= Problem statement =
No pictures go into the copy. Write out every line below exactly.

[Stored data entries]

= = = =

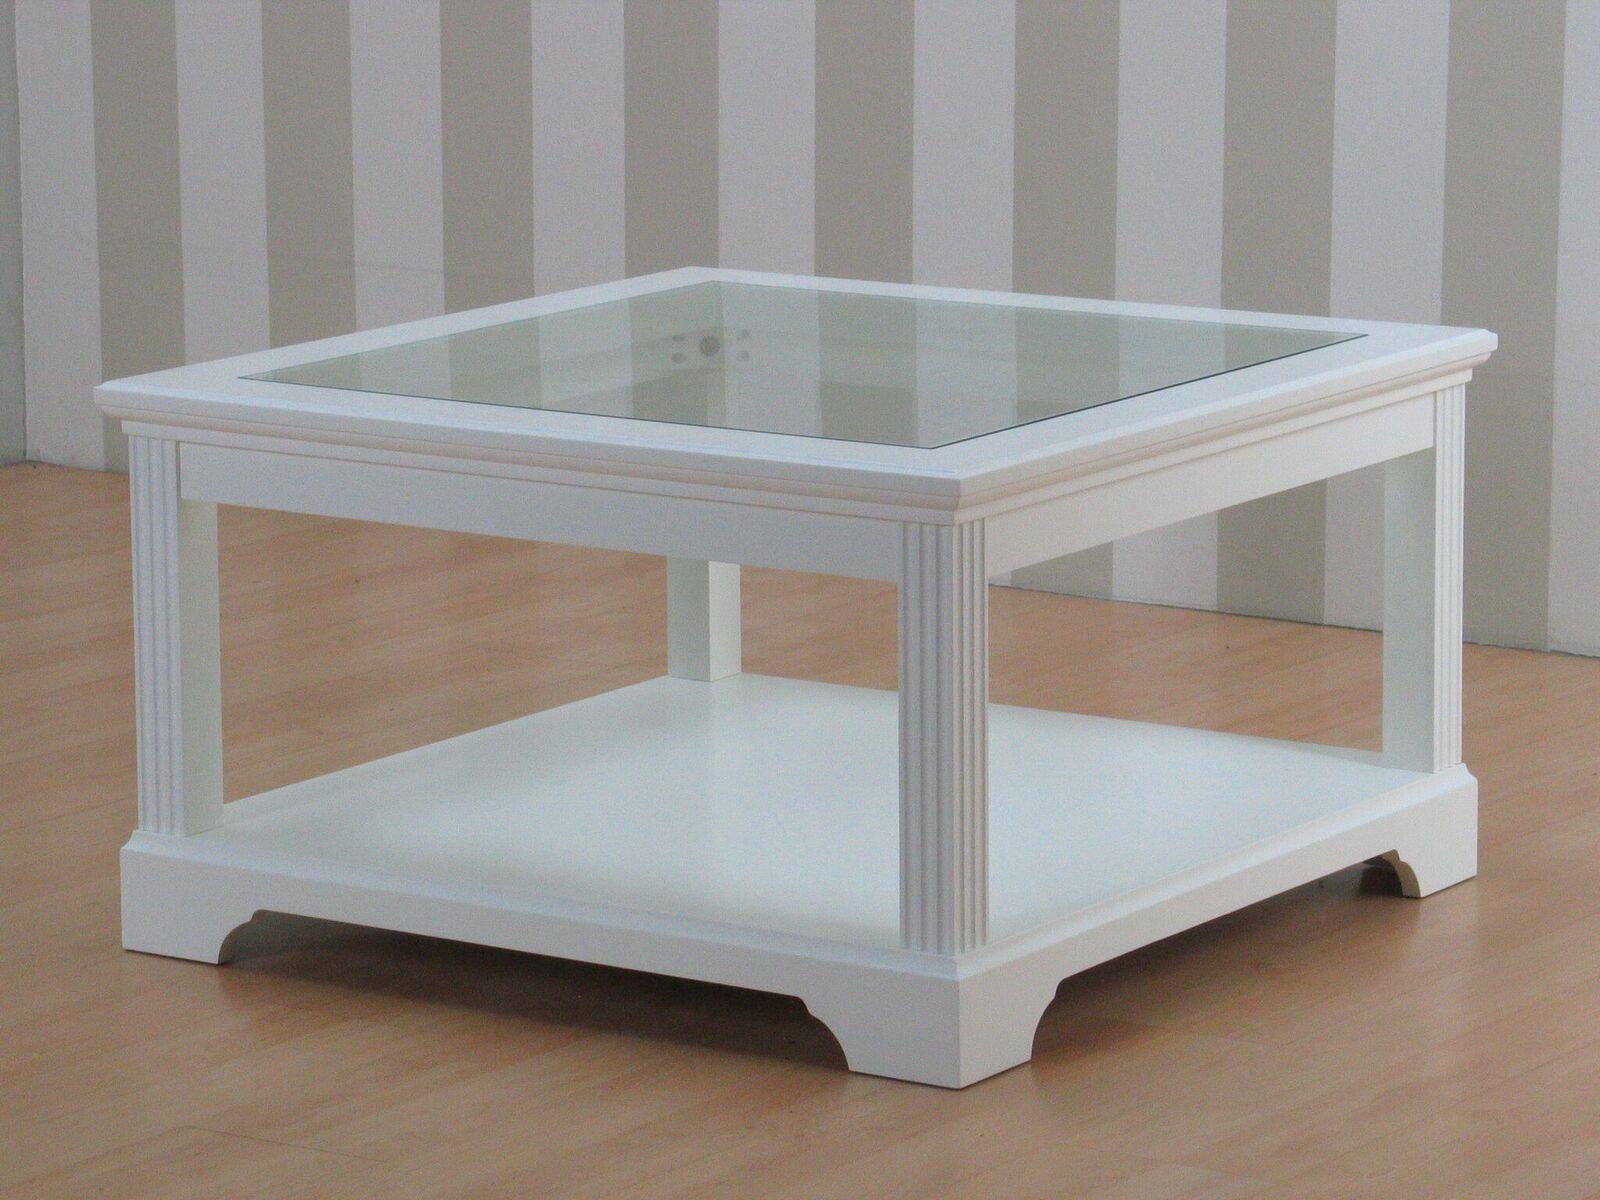 couchtisch charlot glas holz wohnzimmer tisch beistelltisch wei teilmassiv m bel wohnen tische. Black Bedroom Furniture Sets. Home Design Ideas
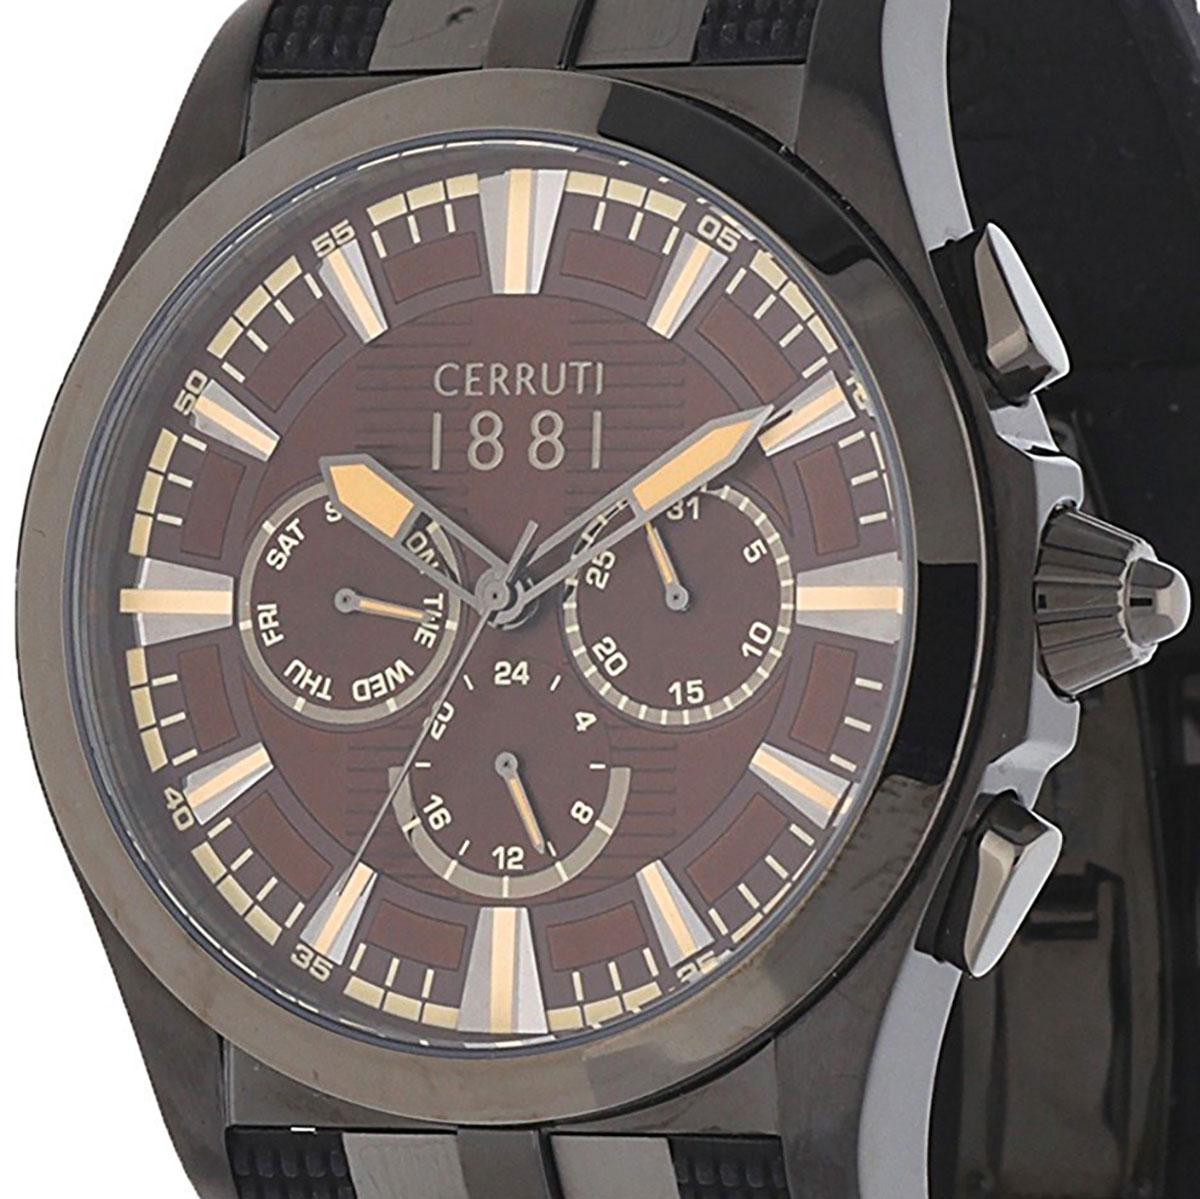 【残り1点】CERRUTI 1881 チェルッティ1881 電池式クォーツ 腕時計 [CRA076BU12] 並行輸入品 ブラウン(茶)
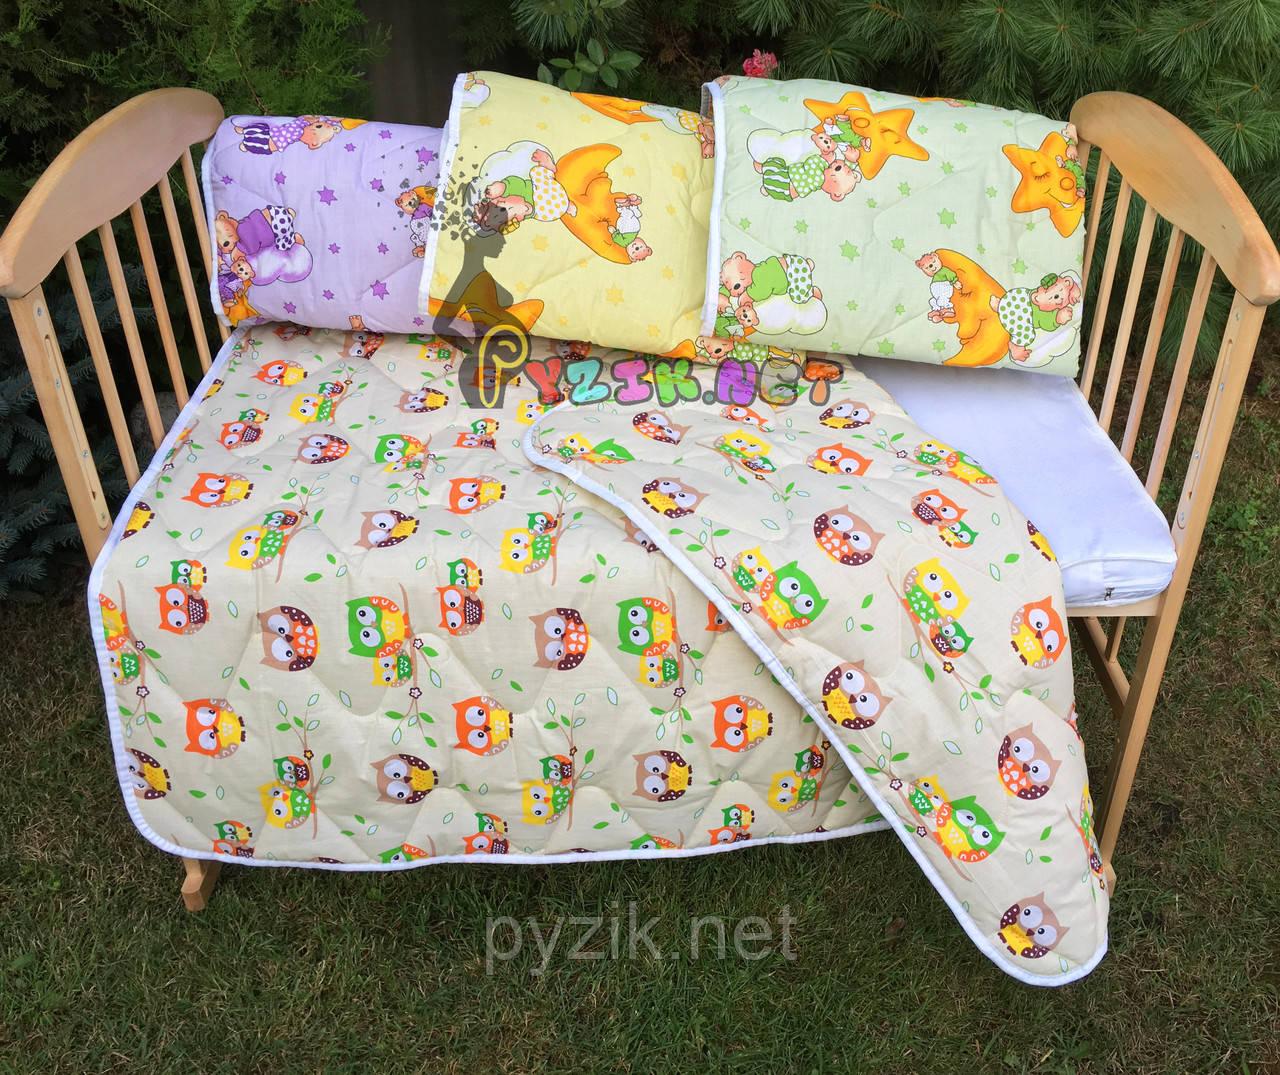 Cтеганое детское одеяло 100х130 см, цвет на выбор
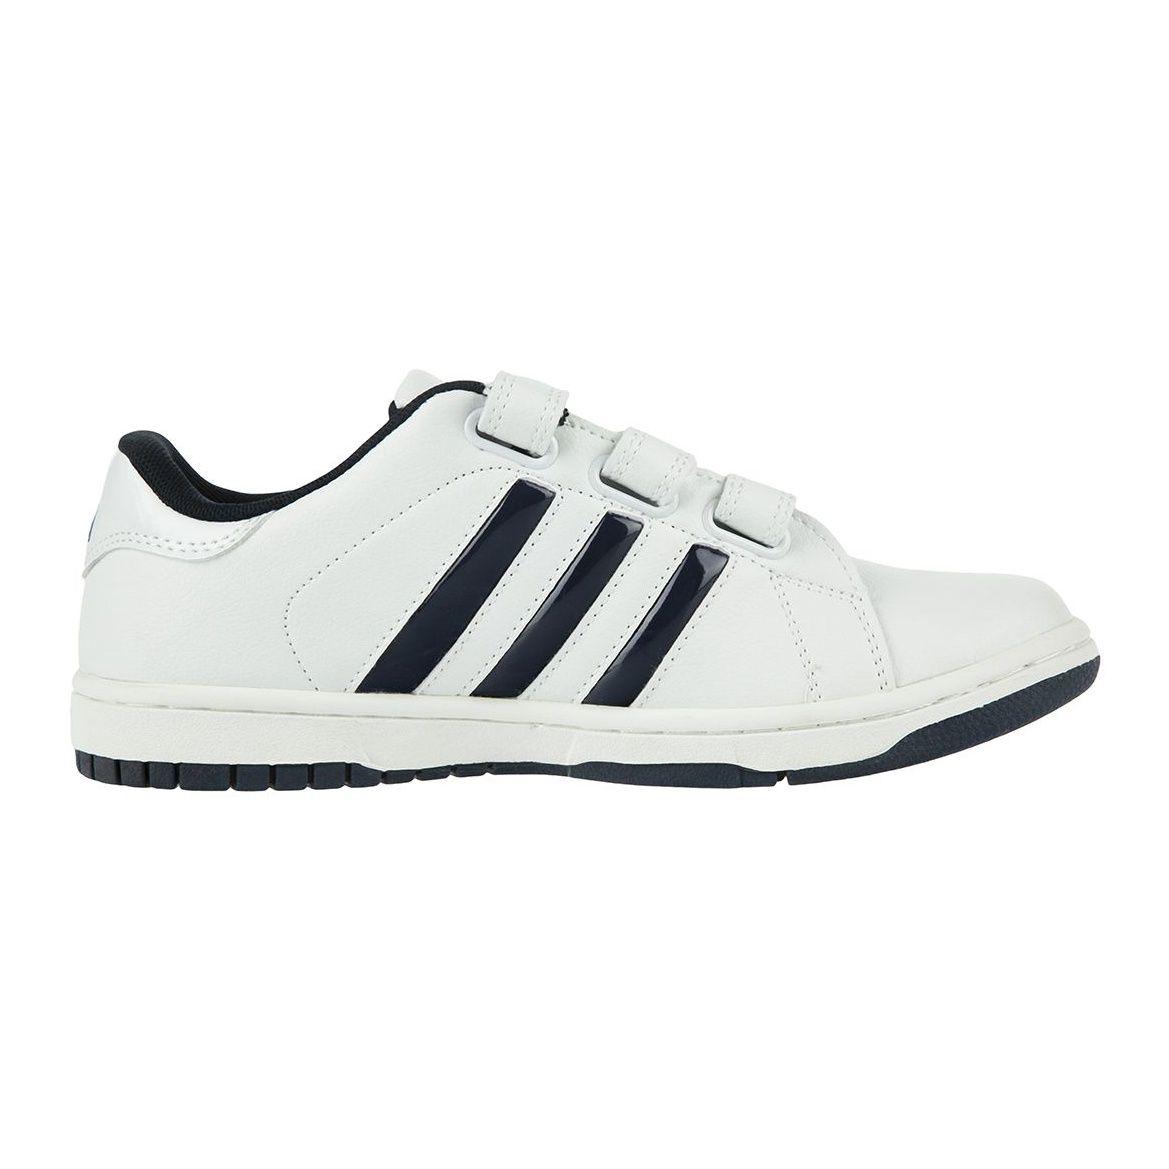 کفش مخصوص پیاده روی زنانه ویوا کد B3617 -  - 4
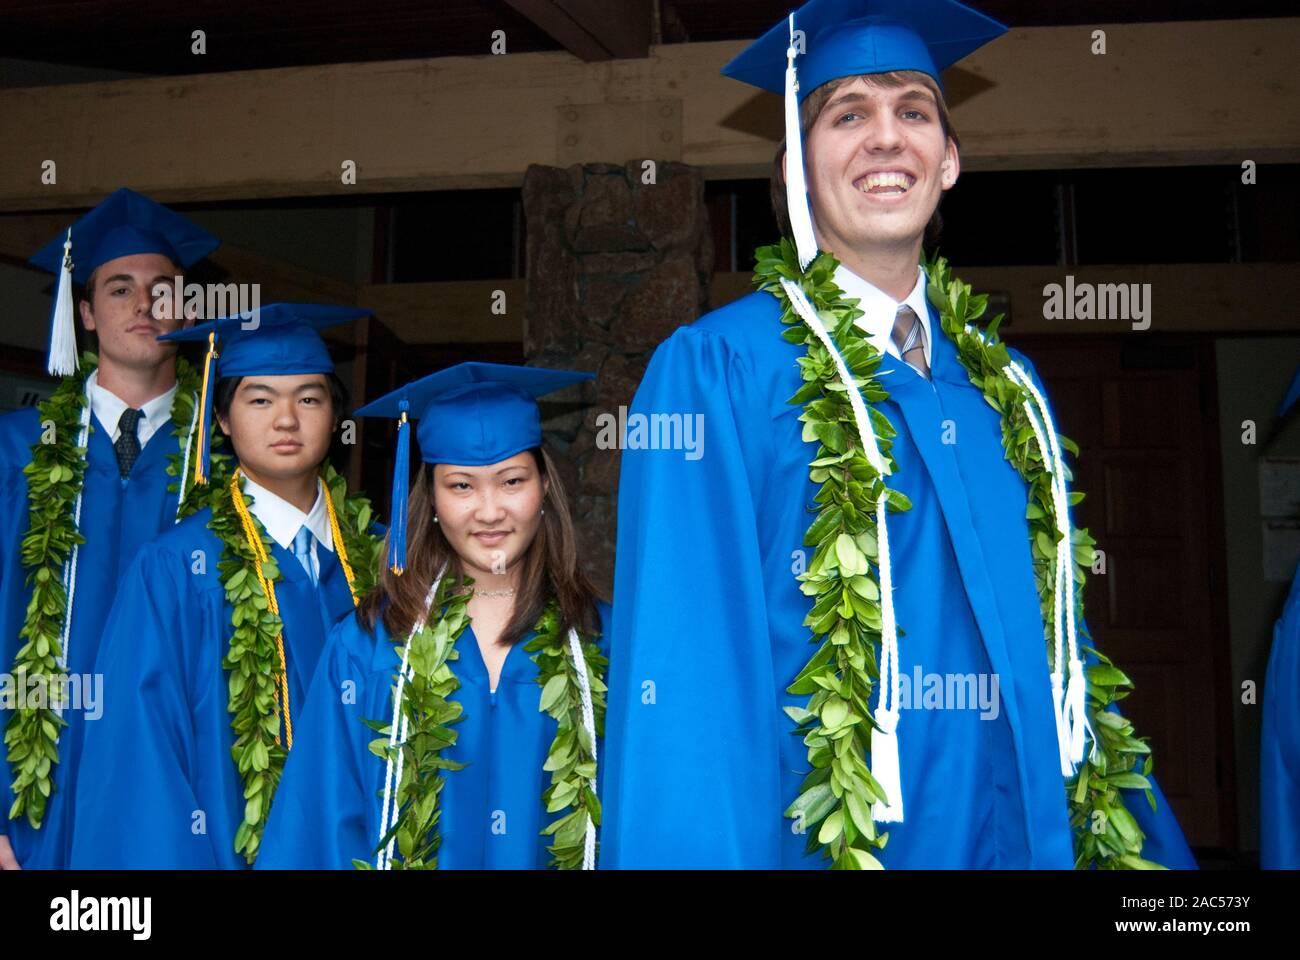 Diploma di scuola superiore da Academy del Pacifico, ora chiuso una scuola privata, a Honolulu, sull'isola di O'ahu. Foto Stock
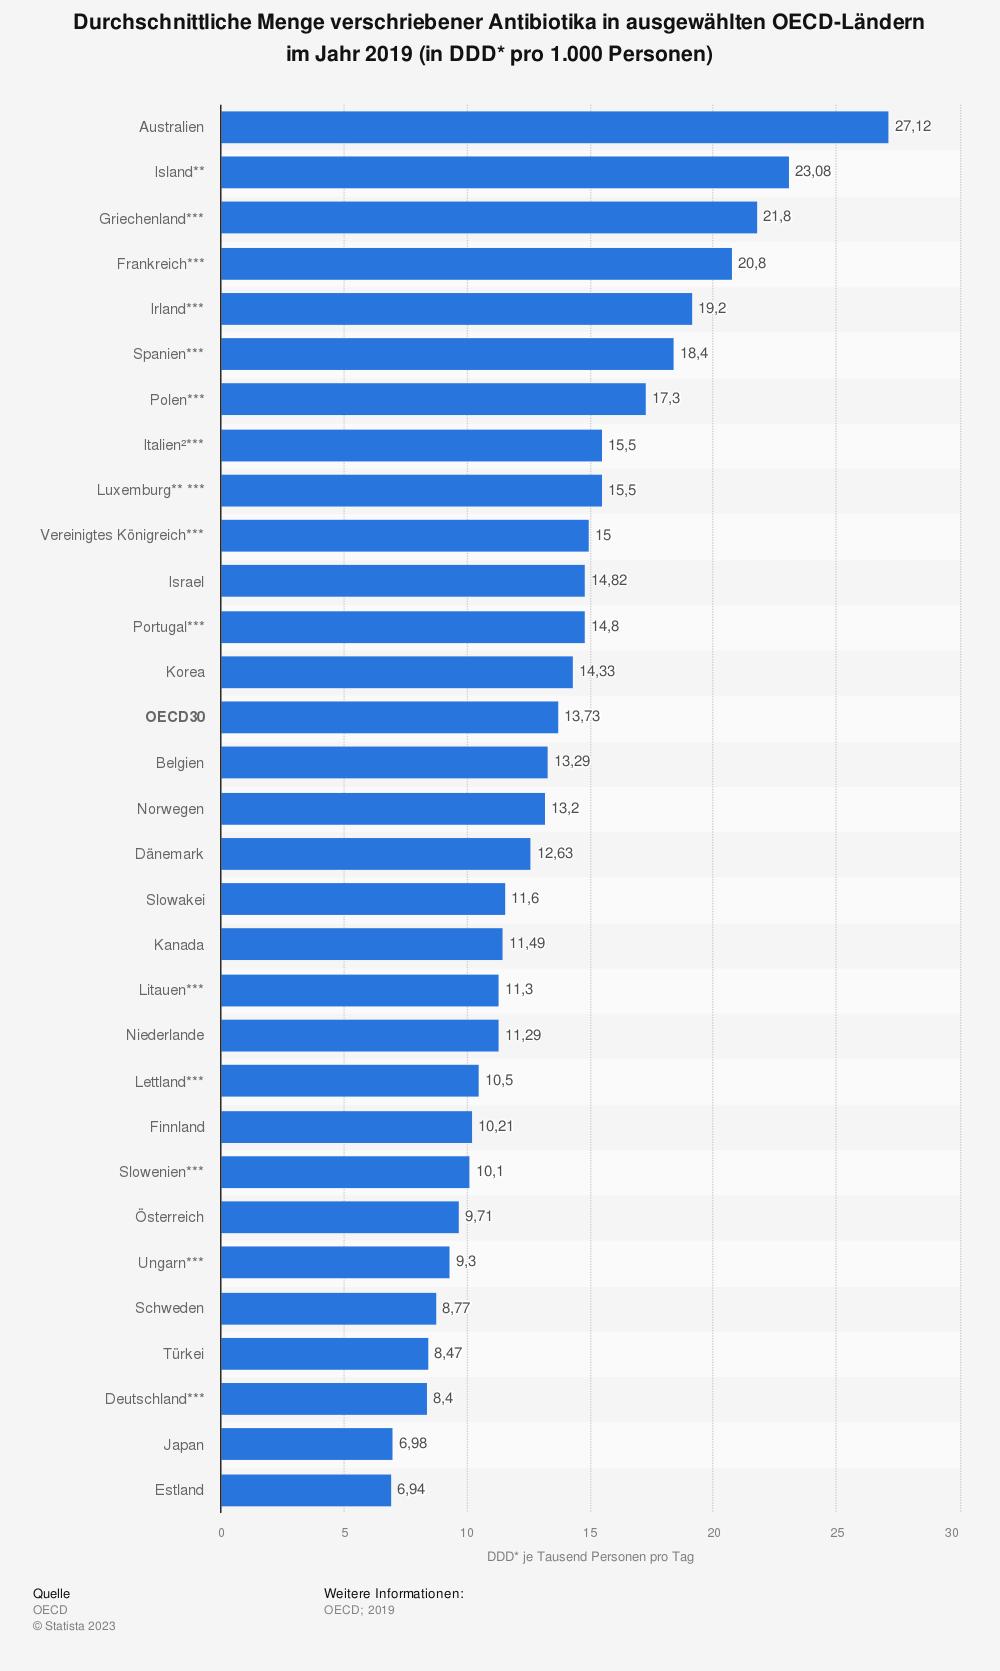 Statistik: Durchschnittliche Menge verschriebener Antibiotika in ausgewählten OECD-Ländern im Jahr 2017 (in DDD* pro 1.000 Personen) | Statista

= = = =

= Response to this task =
 couchtisch charlot glas holz wohnzimmer tisch beistelltisch wei teilmassiv m bel wohnen tische. Black Bedroom Furniture Sets. Home Design Ideas
 【残り1点】CERRUTI 1881 チェルッティ1881 電池式クォーツ 腕時計 [CRA076BU12] 並行輸入品 ブラウン(茶)
 Cтеганое детское одеяло 100х130 см, цвет на выбор
 کفش مخصوص پیاده روی زنانه ویوا کد B3617 -  - 4
 Diploma di scuola superiore da Academy del Pacifico, ora chiuso una scuola privata, a Honolulu, sull'isola di O'ahu. Foto Stock
 Statistik: Durchschnittliche Menge verschriebener Antibiotika in ausgewählten OECD-Ländern im Jahr 2017 (in DDD* pro 1.000 Personen) | Statista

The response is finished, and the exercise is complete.